Encrypted Liturgy
Surveillance transcript from a midnight black-market kiosk, 2077
Location: Neon-stained Kiosk #0427, Sector 7G, Old South District
Date/Time: 2077-11-03 00:27:14. Black rain commenced 00:02:06.
Agent: Investigator Cam Tahl, debt-bound, ex-corporate enforcer, tethered to the Wexx credit slavers.
Transcript Start — Ambient noise: steady black rain, faint hum of rusting neon, distant echoes of crumbling infrastructure settling.
CAM: Approaching kiosk from angle delta-2. Visual obscured behind steam and glitched holo-ads. Reflection in water puddles fractured like broken glass. Kiosk is a patched-together construction of corroded steel and cracked plexiglass, lined with low-humming aftermarket power relays, rigged LED strips flickering irregularly in hues of violet and sickly green.
VOICE FROM KIOSK: Low static. "You looking to breathe life into dead tech or trade a secret?"

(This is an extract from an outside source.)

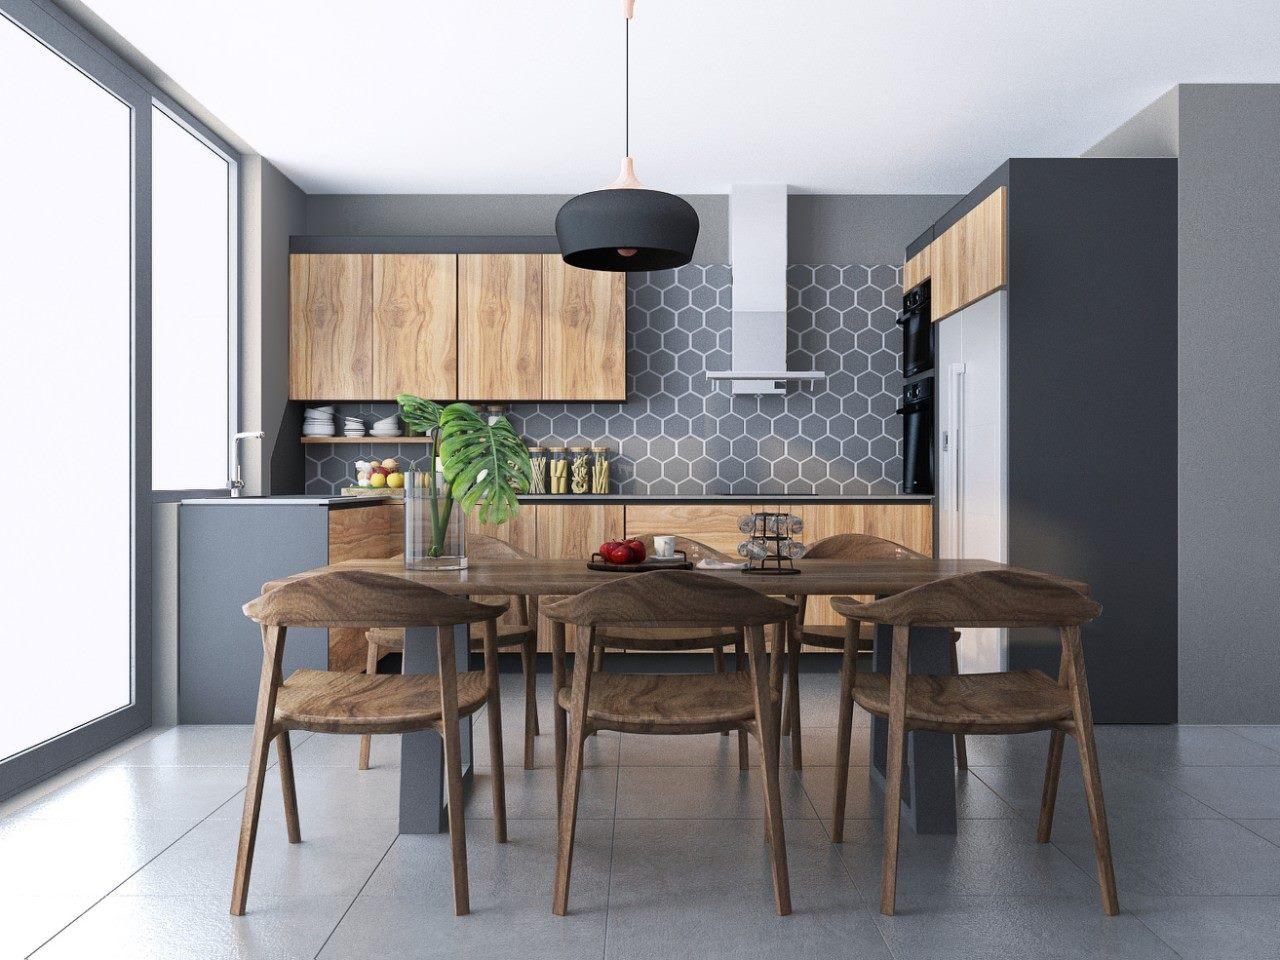 thiết kế nội thất Biệt Thự tại Quảng Bình EURO VILLAGE HOUSE 6 1531705857

CAM: "I need something... discreet. Something they won’t find in the usual databases. An app. Encrypted. Not just data, but ritual."
The voice pauses, layered with an uncertain human rasp, or perhaps a corrupted avatar filter.
VOICE: "That'll cost you more than your creds can cover, Tahl. But I’ve got something - 'PrayerWare'. Encrypted litany modules. Codex of silent implorations for those too desperate—or careful—to pray aloud. Born out of those who made faith a firewall against corporate surveillance."
CAM: "Show me."
Static bursts, the sound of cracked data files loading.
- File header: PRAYERWARE v4.9.3
- Encryption trope: Mnemonic obfuscation, fractal cipher layering, and embedded quantum randomness sequences.
- Module examples:
- ‘Flicker-God’: Neon prayers sent in silent bursts through ambient city networks, never stored, just scattered and forgotten.
- ‘Silent Litany’: Encrypted voice incantations that only activate near specific ley-line nodes in the city (maps corrupted, locations unreliable).
- ‘Ghostwisp’: Residual faith algorithms that haunt old data crypts, leaking spiritual code into decaying netspace.
CAM (quietly): "And those tracking markers?" VOICE: "Masked. Always masked. But data ghosts tend to slip free now and then. Nothing is perfect—especially not in the ruins."
CAM: "Who made it?" VOICE: "No one official. Rumours say it’s the work of a coalition between dead-data anarchists and ex-cult programmers from AzaraCorp’s collapse in ‘69. All gone dark since the Blackout riots."
The rain intensifies outside. A moment of silence.
CAM: "How about... access? I’m on a tight leash—Wexx wants every transaction logged. This has to bypass their nets."
VOICE: "Old code. Offline exchanges only. We meet here, away from prying eyes and ears. Uploads happen through ghost nodes submerged beneath the city's decay: subway tunnels flooded and forgotten. Records won’t last long, but neither do those who chase them."
CAM: "Sounds like a perfect trap."
VOICE (low, almost a whisper): "In this city, every damn thing’s a trap. You pay, or you break. Debt’s your leash, Tahl… but sometimes, silence is sharper."
End of transmission. Ambient sounds fade into distant echoes of corrosion and whispered neon prayers.
Notes by Analyst 3X-Theta:
- The investigation file on Cam Tahl indicates multiple missed payments to Wexx Credit Corporation and a history of authorised surveillance breaches.
- PrayerWare’s encryption architecture defies current decryption attempts but suggests a means of covert communication among fringe communities.
- Kiosk #0427’s location is intermittently visible due to unstable net-mapping systems; physical inspections recommend caution due to heavy urban decay and atmospheric contamination.
- “Ghostwisp” modules could represent emergent data phenomena within derelict networks—further study advised.
End of report. Await further directives.